Induced Currents in Circuits

I was given the following question:-

The plane figures shown are located in a uniform magnetic field directed away from the reader and diminishing. The direction of current induced in the loops is shown in the figure. Which one is the correct choice?

I am aware of Lenz’s Law, and I know how to find the direction of current given a changing magnetic field, and a closed circular loop. But this question is completely new to me.

Given a random circuit, and a changing magnetic field, is there a standard technique to predict the direction of current?

• I'm assuming the part of the question that read "field directed away from the leader..." should be "field directed away from the reader..." i.e. into the page. – M. Enns Jun 6 at 13:26

Lenz's law tells you that the induced current in the loop must give rise to flux through the loop that is away from the reader. Then you can use the right hand grip rule to find the direction of current that gives rise to such flux.

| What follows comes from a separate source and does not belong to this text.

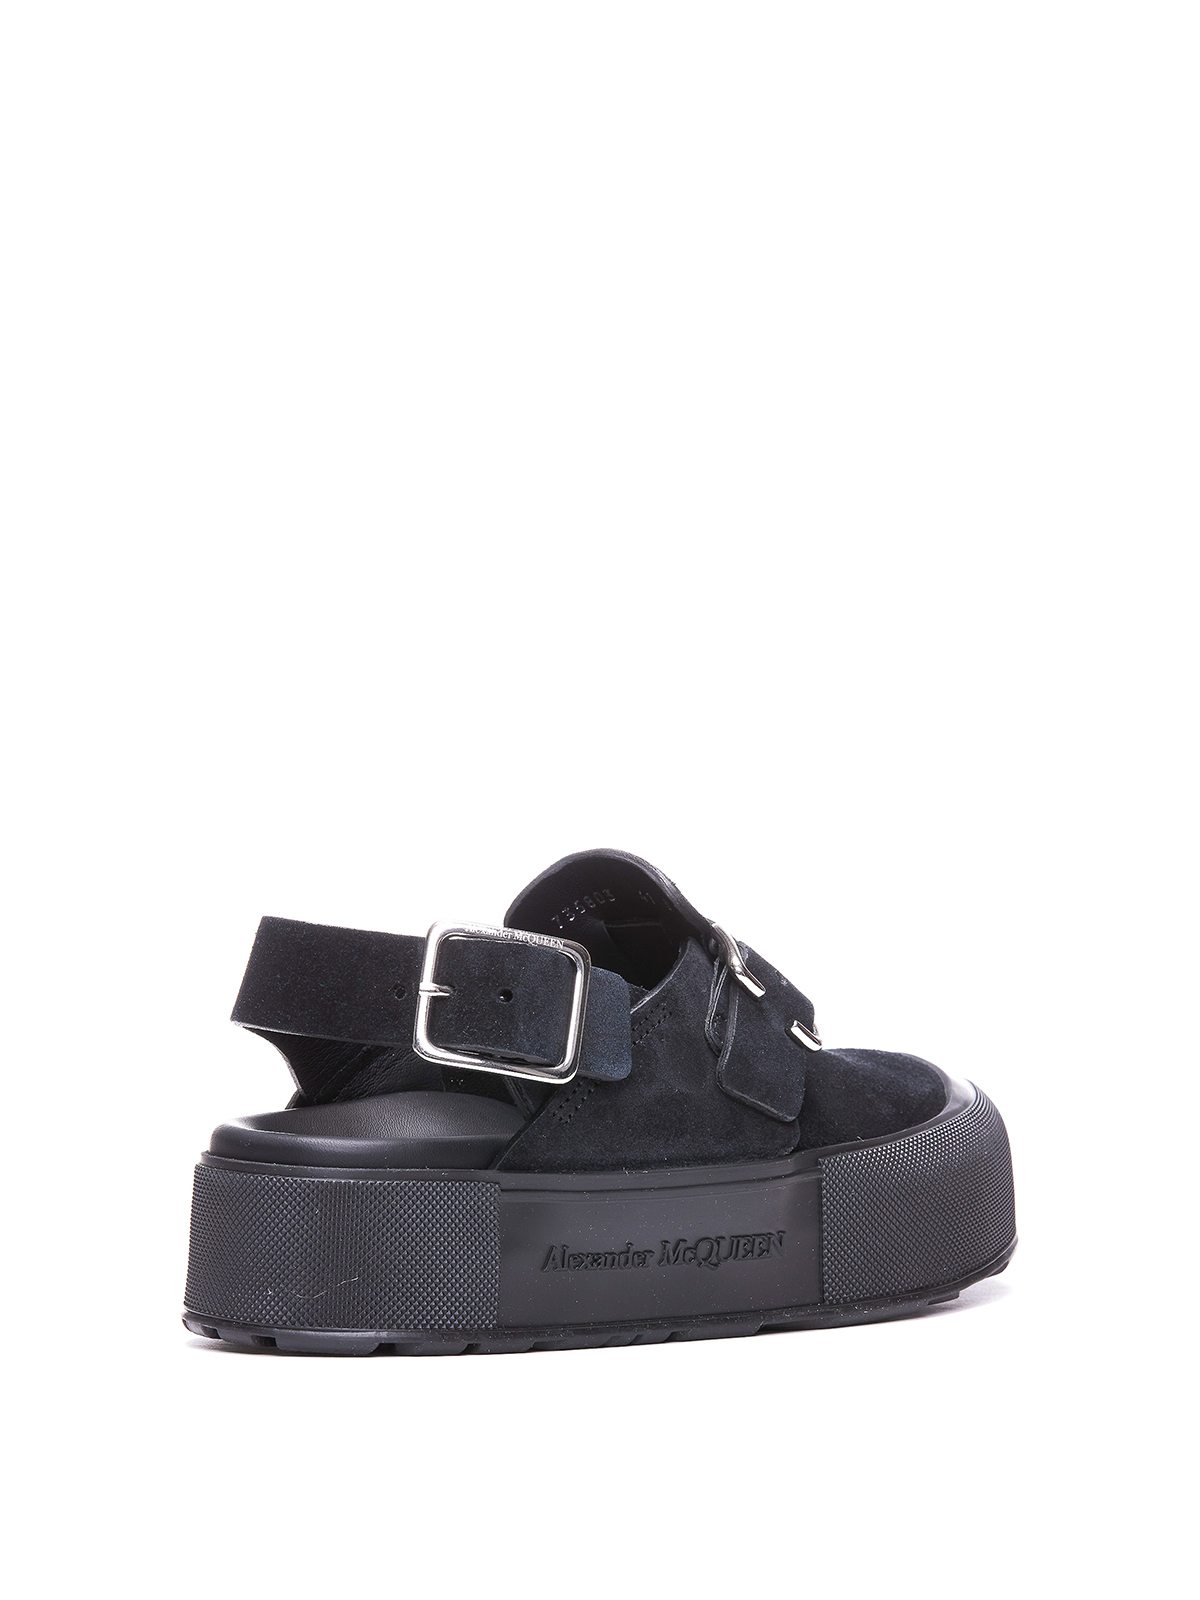 Shop Alexander Mcqueen Slick Black Suede Sandals

I expect that this is what you did. Is it a standard technique? Probably.

Equivalently, you can set up the sign convention that an anticlockwise circulation as seen on paper (either emf or current) is given a positive sign, and flux towards the reader is given a positive sign. [This embodies a right handed association.] Then the emf and current follow from the Faraday-Lenz law, $$\mathscr E=-\frac {d \Phi}{dt}$$

For example, in your case, $$\Phi$$ is getting less negative so $$\frac {d \Phi}{dt}$$ is positive, so $$\mathscr E$$ is negative, that is clockwise.

Now let's look at the more complicated configurations in A, B and C. We know from Lenz's law that the induced current must produce flux into the page.

In A, we can deduce from symmetry that no current will flow in the diametric conductor. But the current in the outer loop would produce flux out of the page.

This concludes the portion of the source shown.